Но в основном это хорошие люди. Я же еще не брал интервью ни у кого плохого. Ну вот Илья Красильщик в интервью рассказал мне про свой бэд трип. Кто-то может оценить это как нечто плохое.
И да, я действительно симпатизирую моим героям. За большинством из них я довольно долго слежу. Понятное дело, я как интервьюер сильно проникаюсь героем, но стараюсь не переходить какие-то границы. Хотя со стороны, может, кажется, что я всем лижу жопу.
Я очень дорожу дружескими отношениями с людьми. С большинством из них мы продолжаем общаться и после интервью.
Это возможно во многом благодаря моей беззубости. Потом эти люди рекомендуют меня другим.
— А не похожи ли слишком позитивные интервью на пиар-кампанию?
— Для меня это не вопрос позитива или негатива. Мне реально интересно общение с человеком. А припирать к стенке вопросами я не умею. Мне никогда не приходилось так поступать и не очень хочется. Может быть, с точки зрения журналистики это неправильно. Ну, значит, я плохой журналист. Я не спорю, что это обоснованная претензия.
Мои интервью действительно беззубые. Ну возьмите сами интервью, чего вы меня-то учите, как брать?
Вернее, спасибо, что учите. Слушать я слушаю, но делать могу все-таки по-своему.
— Почему вопросы в твоих интервью повторяются из раза в раз и напоминают детские анкеты?
— У меня сложилась определенная концепция проекта: много интервью и примерно одинаковый пул вопросов. Это вневременные вопросы — такие, на которые человек должен сам для себя ответить. Они мне самому интересны.
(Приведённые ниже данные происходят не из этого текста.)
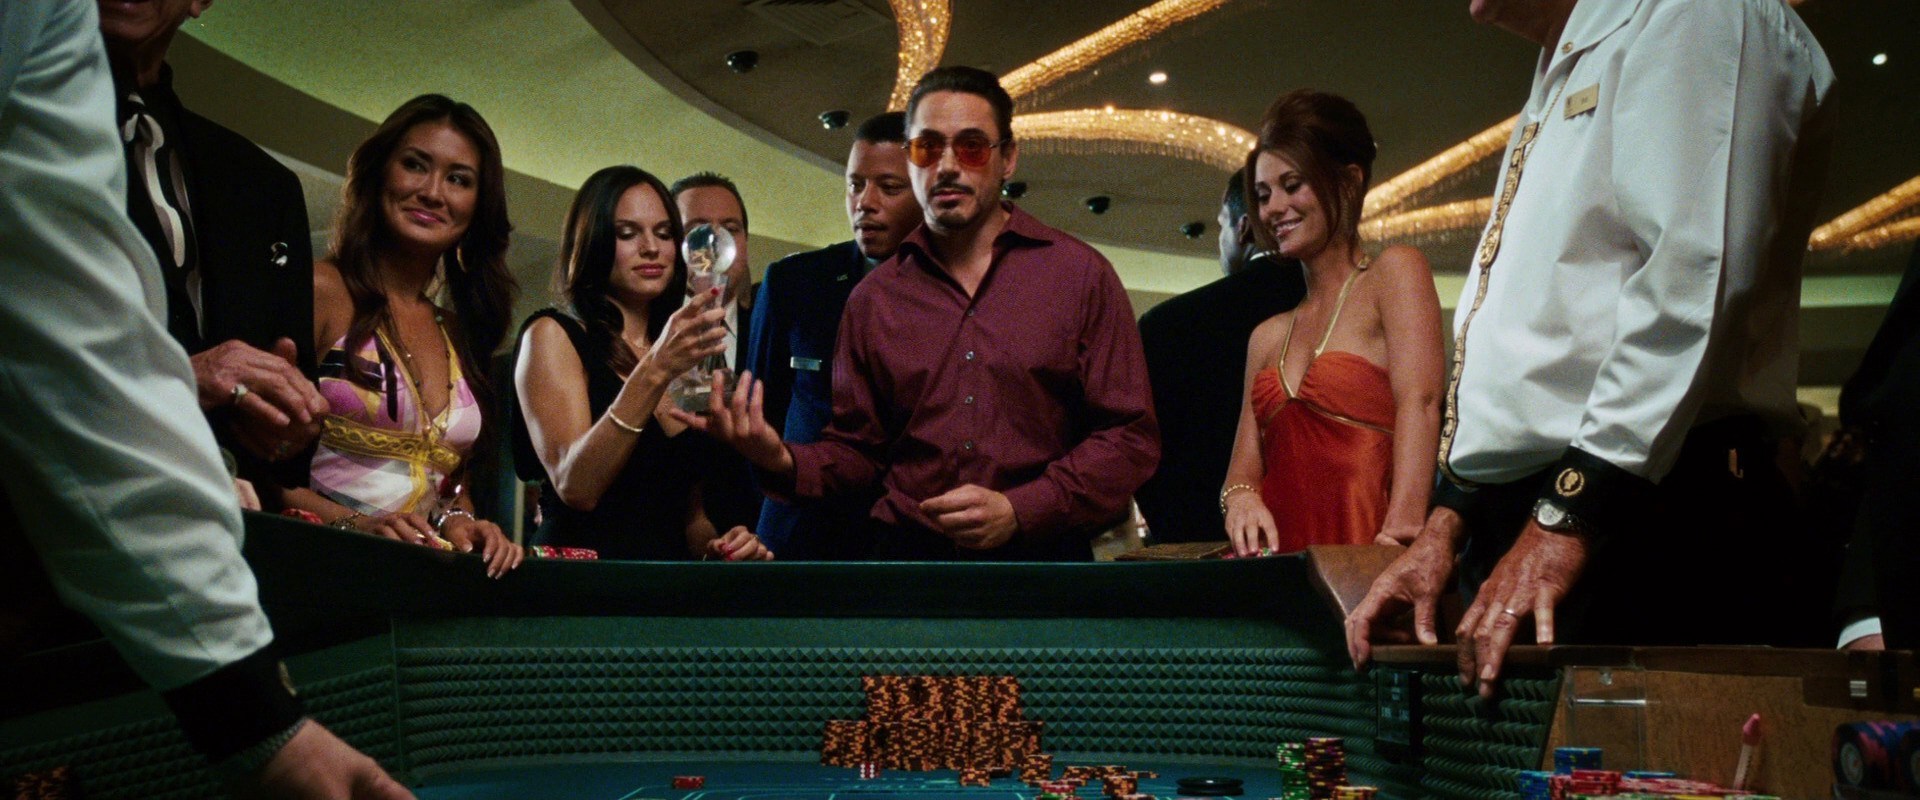 Iron Man 1 Casino Scene

Чем больше мнений разных людей я услышу, тем больше я для себя вынесу. Я взрослею благодаря этим интервью.
Самые классные тексты получаются, когда я сижу вечером в каком-то приятном месте и просто забываю, что это интервью. Разговариваю с человеком как психоаналитик. В такие моменты люди реально раскрываются.
— Тебя не ограничивает жанр с четко выстроенной схемой вопросов?
— Мне кажется, что журналиста в интервью должно быть мало. Это текст не про журналиста, а про его собеседника. В идеале это должен быть монолог, где журналист вообще отсутствует. Если говорить обо мне, то это абсолютно осознанные ограничения, которые я сам себе придумал.
Я думаю, что этот жанр — интервью о личном — уже как-то узнается. Люди совершенно неосознанно ассоциируют меня с ним. Я не хотел выпендриться за счёт вопросов, я хотел выпендриться за счет формата. Что и сделал.